On the Saturday we headed into nearby Ripon to purchase some essentials and have a mooch around. We were impressed by the real ale collection in the Booths supermarket, getting distracted from groceries by filling the trolley with many new local beers to try at home! The city is small and attractive, reminiscent of a number of other Yorkshire towns with its central market square, and we enjoyed strolling around its bustling shops.
We returned to the site for a picnic lunch, and then got everyone kitted out for an afternoon beside the river. This is a major selling point for the site. There are some white water parts, a large still stretch with a sandy beach, and a further deep stretch towards the end of the site that seemed very peaceful. We took fishing nets, and entertained the boys by catching tiddlers in the rock pools and at the water’s edge. We also got some good use out of our kayak, taking it in turns to do circuits of the still stretch. We avoided the white water given ours is inflatable, but there were some traditional kayaks heading down the small waterfalls. It was a beautiful setting. The high bank on the far side was pitted with swallow nests, and the birds were very active. Added to that the fact that the whole site was well populated by wild rabbits, and it really felt idyllic.
The day we spent there was warm and fairly cloudy. It was fine for the boys to spend several hours getting wet in uv swimwear, so not a cold day, but equally not strong sunshine that would limit the time we wanted to spend there. I would imagine, though, that on a truly hot summer’s day it would have been a much more crowded, less pleasurable location.

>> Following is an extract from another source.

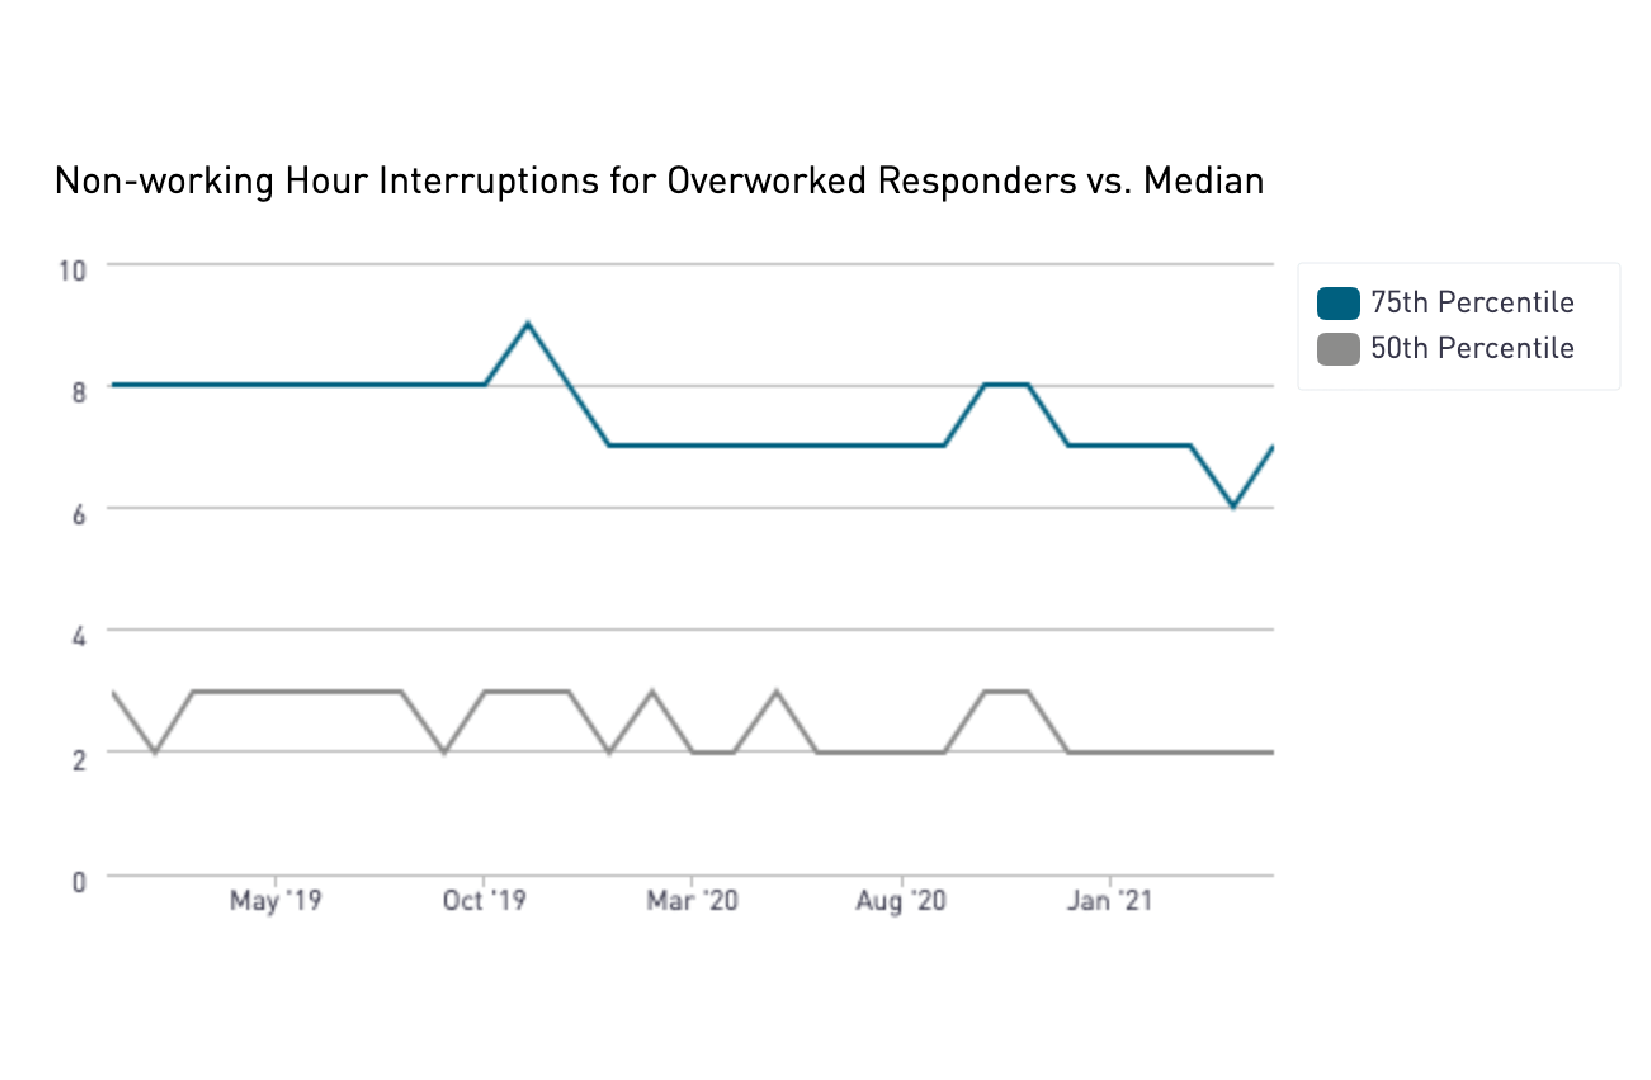 Chart 7: Non-working Hour Interruptions for Overworked Responders vs. Median

We all had a warming shower afterwards up in the family bathroom near reception, just off the Island, before coming back to camp for a barbecue. Later we took an evening stroll around the whole site, which was lovely. There were many paths leading through wooded areas and along the river, and it was nice to meander around.
We did notice that the toilets and showers we were using up by the Horseshoe were the only facilities on the Island, and that they were actually quite a walk for a large part of the site.
The ability to select your pitch location on this site is very definitely a bonus, particularly for returning visitors. You need to make sure you know where everything is and choose wisely.
Overall, we enjoyed our stay. We even considered a return visit when we went to our rescheduled treetopnets session, but in the end just did this as a day trip due to other commitments. The site was larger than we prefer, and a little more commercial. It had its downsides in layout, but we could overcome those by selecting a pitch carefully. We would recommend it for families, and for its proximity to attractions such as treetopnets and Lightwater Valley.